- _Description of the task_: For the entries below, print exactly the lines between the line holding "Купить книгу Время" and the line holding "Lớp tập huấn", inclusive, and nothing else.

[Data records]
+ + + + +
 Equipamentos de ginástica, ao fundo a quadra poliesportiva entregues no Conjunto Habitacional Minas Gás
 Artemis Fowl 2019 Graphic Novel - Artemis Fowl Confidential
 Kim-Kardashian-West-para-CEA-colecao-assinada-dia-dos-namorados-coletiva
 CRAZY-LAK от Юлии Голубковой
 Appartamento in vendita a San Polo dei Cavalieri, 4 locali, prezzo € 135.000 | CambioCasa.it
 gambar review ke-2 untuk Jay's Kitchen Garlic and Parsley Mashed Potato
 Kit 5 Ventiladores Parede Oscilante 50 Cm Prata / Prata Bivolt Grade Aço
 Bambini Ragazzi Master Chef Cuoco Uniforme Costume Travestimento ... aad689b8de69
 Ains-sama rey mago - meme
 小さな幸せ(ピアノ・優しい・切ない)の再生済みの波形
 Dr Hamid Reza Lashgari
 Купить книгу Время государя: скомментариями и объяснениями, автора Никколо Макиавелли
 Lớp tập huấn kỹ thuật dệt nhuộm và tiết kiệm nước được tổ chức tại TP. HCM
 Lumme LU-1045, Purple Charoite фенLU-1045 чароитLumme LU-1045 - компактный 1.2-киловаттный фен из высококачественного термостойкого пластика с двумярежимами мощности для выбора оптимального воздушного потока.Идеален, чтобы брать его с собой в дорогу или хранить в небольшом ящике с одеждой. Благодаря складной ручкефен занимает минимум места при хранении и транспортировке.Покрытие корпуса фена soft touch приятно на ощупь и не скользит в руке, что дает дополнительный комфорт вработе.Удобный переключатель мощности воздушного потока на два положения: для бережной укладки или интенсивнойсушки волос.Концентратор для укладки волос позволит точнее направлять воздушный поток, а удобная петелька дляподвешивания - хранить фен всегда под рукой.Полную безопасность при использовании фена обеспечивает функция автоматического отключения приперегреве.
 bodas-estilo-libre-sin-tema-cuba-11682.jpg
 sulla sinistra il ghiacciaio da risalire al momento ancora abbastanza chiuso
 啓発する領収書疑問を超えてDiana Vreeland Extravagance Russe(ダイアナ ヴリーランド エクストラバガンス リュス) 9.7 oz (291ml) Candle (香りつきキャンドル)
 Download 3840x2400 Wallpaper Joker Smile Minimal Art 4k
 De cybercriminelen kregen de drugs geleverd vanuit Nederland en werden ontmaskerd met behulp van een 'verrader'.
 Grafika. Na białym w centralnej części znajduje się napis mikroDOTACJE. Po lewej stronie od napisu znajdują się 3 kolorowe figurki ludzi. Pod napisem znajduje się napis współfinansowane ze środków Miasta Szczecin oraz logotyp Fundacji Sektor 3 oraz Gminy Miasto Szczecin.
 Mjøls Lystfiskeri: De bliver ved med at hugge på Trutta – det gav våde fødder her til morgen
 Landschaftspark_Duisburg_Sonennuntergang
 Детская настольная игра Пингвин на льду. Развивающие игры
+ + + + +
- _Finished task_:
 Купить книгу Время государя: скомментариями и объяснениями, автора Никколо Макиавелли
 Lớp tập huấn kỹ thuật dệt nhuộm và tiết kiệm nước được tổ chức tại TP. HCM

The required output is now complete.